Feedback is welcome.


Note: I ran the Hibernate JUnit tests and they all passed. I included the
modifications in our application, all tests are ok and it still behaves
correctly... As far as I can trust the test suites and our application ;-)


-------------------------------------------------------------

Problem description
-------------------

The collection.PersistentCollection class contains the two following
methods:


  static void identityRemoveAll(List list, Collection collection,
SessionImplementor session) 
        throws HibernateException 
  {
        Iterator iter = collection.iterator();
        while ( iter.hasNext() ) PersistentCollection.identityRemove( list,
iter.next(), session );
  }


  static void identityRemove(Collection list, Object object,
SessionImplementor session) 
        throws HibernateException 
  {
        if ( object!=null && session.isSaved(object) ) {
                Serializable idOfCurrent =
session.getEntityIdentifierIfNotUnsaved(object);
                Iterator iter = list.iterator();
                while ( iter.hasNext() ) {
                        Serializable idOfOld =
session.getEntityIdentifierIfNotUnsaved( iter.next() );
                        if ( idOfCurrent.equals(idOfOld) )
                                iter.remove();
                }
        }
  }


The identityRemoveAll method is called from Set.getOrphans() when looking
for Orphans.
The first argument is the original state of the Set, the second contains the
current state. An Orphan is an element which is in the original state and
not in the current anymore (to make it short).
This method iterates over the current elements and calls identityRemove for
every element found.

Looking at the code of this second method, you quickly realize that this
approach is not very efficient:
1/ 
it does a *linear search* over the original collection looking for the new
object. May be very slow if the collection contains many elements;

2/
it retrieves the EntityIdentifier *many times* for the same elements
(because the method is called many times and the iteration always restart at
the first);

3/
when the condition is met (the element is not an Orphan - which is often the
case), it is removed from the original list by calling remove on the
iterator. The iterator is backed by an ArrayList (instantiated in Set and
passed to the method). One must remember that ArrayList are very efficient
for random access but not for object removal (except for the latest) - it
implies shifting elements one position to the left, this is done by a memory
copy. In this particular case, a LinkedList would perform better.

4/
when looking at the calling code (Set.getOrphans(), List.getOrphans(),
Bag.getOrphans(), etc) we discover they first create a new ArrayList, add
all elements of the current state (snapshot), then pass this ArrayList to
the PersistentCollection.identityRemoveAll() method where it will be emptied
in most cases (no orphans detected). 
A better approach is described below.



Performance measures
--------------------

I made some modifications (a few lines actually) and made a simple benchmark
to measure the performance gain.
The test creates several 25 Sets with 100 up to 2500 records, by step of
100.
The first perf measure was to add 10% new records to the sets - flushing the
session will trigger the Orphan lookup.
The second perf measure was to remove 10% records of all sets - again,
flushing the session will trigger the Orphan lookup.
Every sets were modified in a separate Session.

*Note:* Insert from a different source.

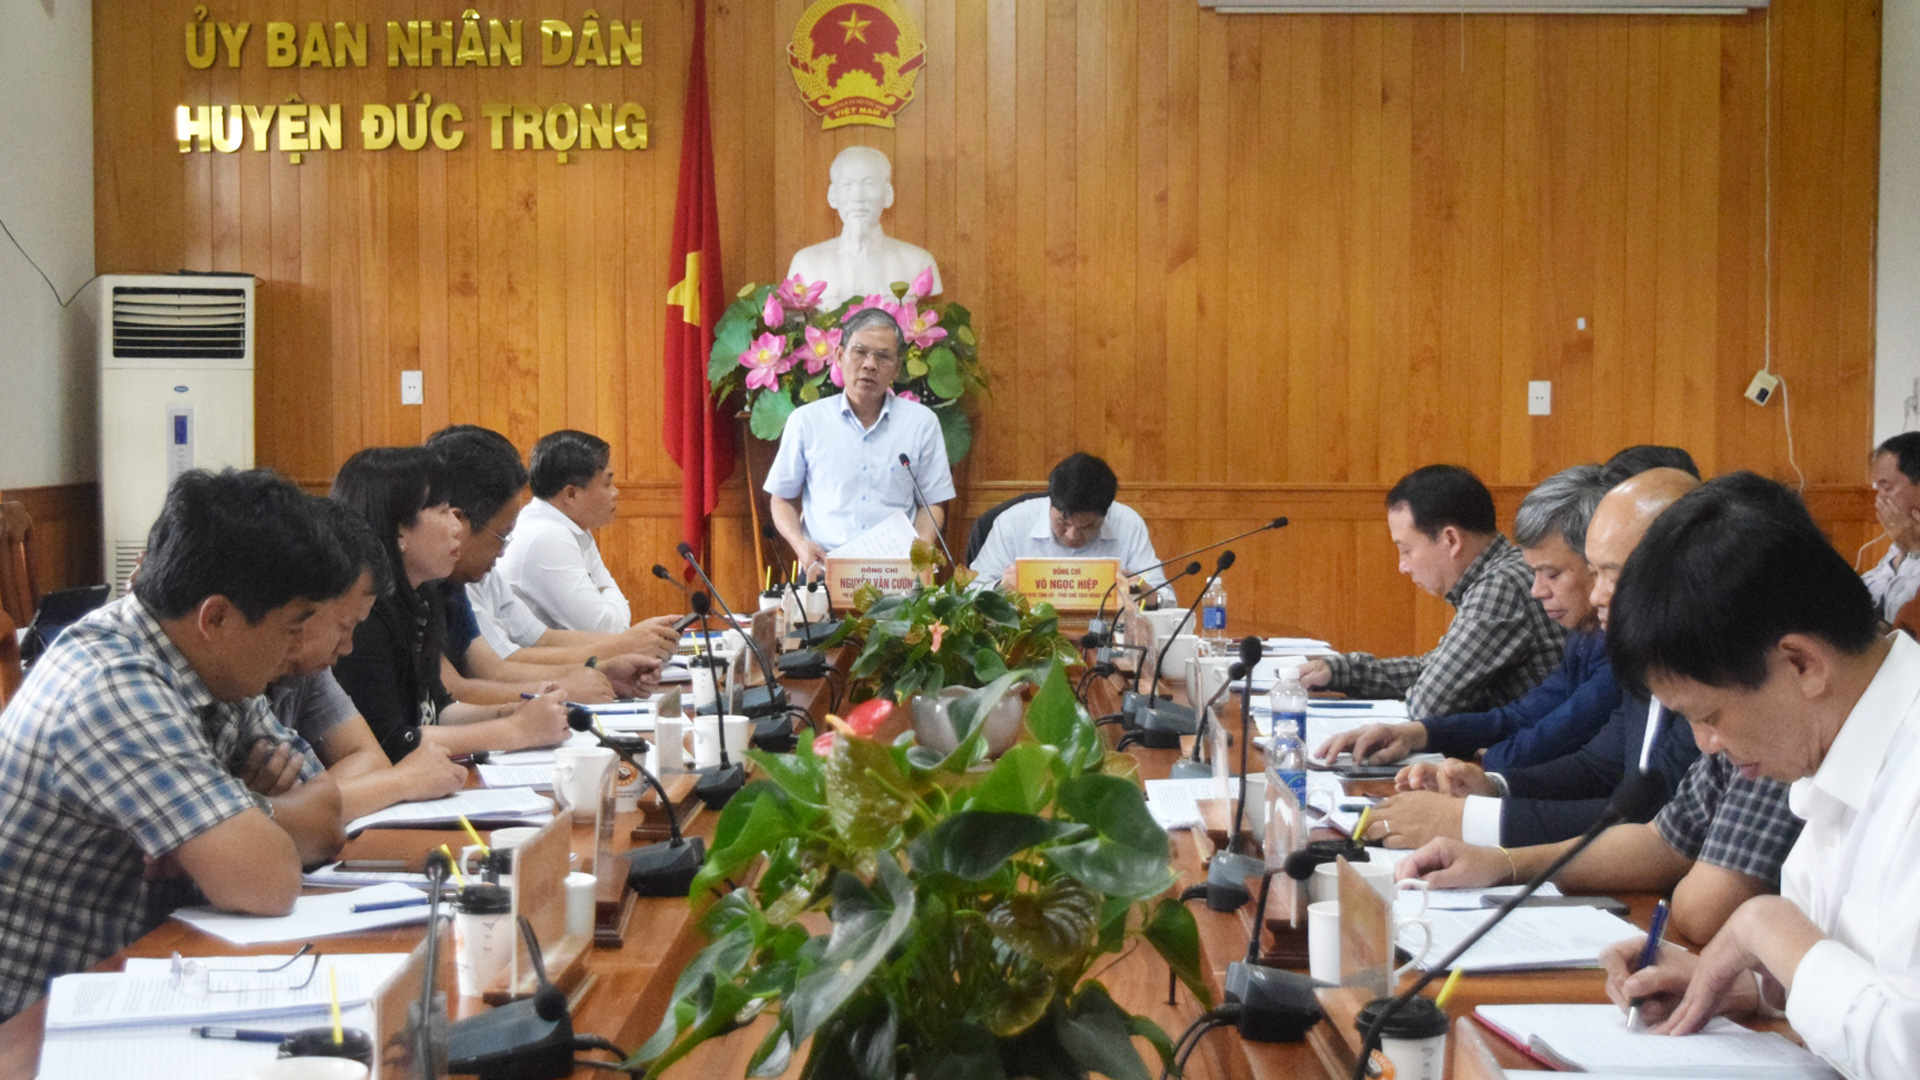 Đồng chí Nguyễn Văn Cường - Chủ tịch UBND huyện Đức Trọng phát biểu

The performance were identical up to 500 records (for both tests). Then the
modified version was about 30% faster inserting new records, and 40% faster
for the removal. All these times include the database roundtrips.

When running a profiler, the results were even better - for the
PersistentCollection.identityRemoveAll() method:
==> cumulative time spent: 100 times less (!) - we don't see such
improvement in total probably because of the extra time spent on the
database when committing the changes;
==> cumulative object creation: 8 times less - always good to avoid
short-live objects, GC and Heap friendlier ;-)

Not too bad for the few lines that were changed.



Modifications
-------------

The first modifications include fix for point 1, 2 & 3. Here is the code:

        static void identityRemoveAll(List oldElements, Collection
currentElements, SessionImplementor session) 
                        throws HibernateException 
        {
            // short-circuit(s)
            if( currentElements.size() == 0 ) // no new elements, the old
list contains only Orphans
                return;
            
            if( oldElements.size() == 0) // no old elements, so no Orphans
neither
                return;
            
            // collect EntityIdentifier(s) of the *current* elements - add
them into a HashSet for fast access
            java.util.Set currentIds = new HashSet();
            for(Iterator it=currentElements.iterator(); it.hasNext(); ) 
            {
                Object current = it.next();
                if( current!=null && session.isSaved(current) )
                    currentIds.add( session.getEntityIdentifierIfNotUnsaved(
current ));
            }
            
            // iterate over the *old* list
            for(Iterator it=oldElements.iterator(); it.hasNext(); )
            {
                Object old = it.next();
                Object id = session.getEntityIdentifierIfNotUnsaved(old);
                
                if( currentIds.contains(id) )
                    it.remove();
            }
        }

The idea is to replace the two 'enclosed' loops (meaning up to n*n search)
by two independent loops (meaning 2*n searches).
The first iteration collects the EntityIdentifier of the current elements
and store them in a HashMap for fast lookup.
The second iteration iterates over the old elements, retrieve the
EntityIdentitifer and then look it up in the HashMap - which is
significantly faster than a linear search).
This modification gave almost all the performance gain.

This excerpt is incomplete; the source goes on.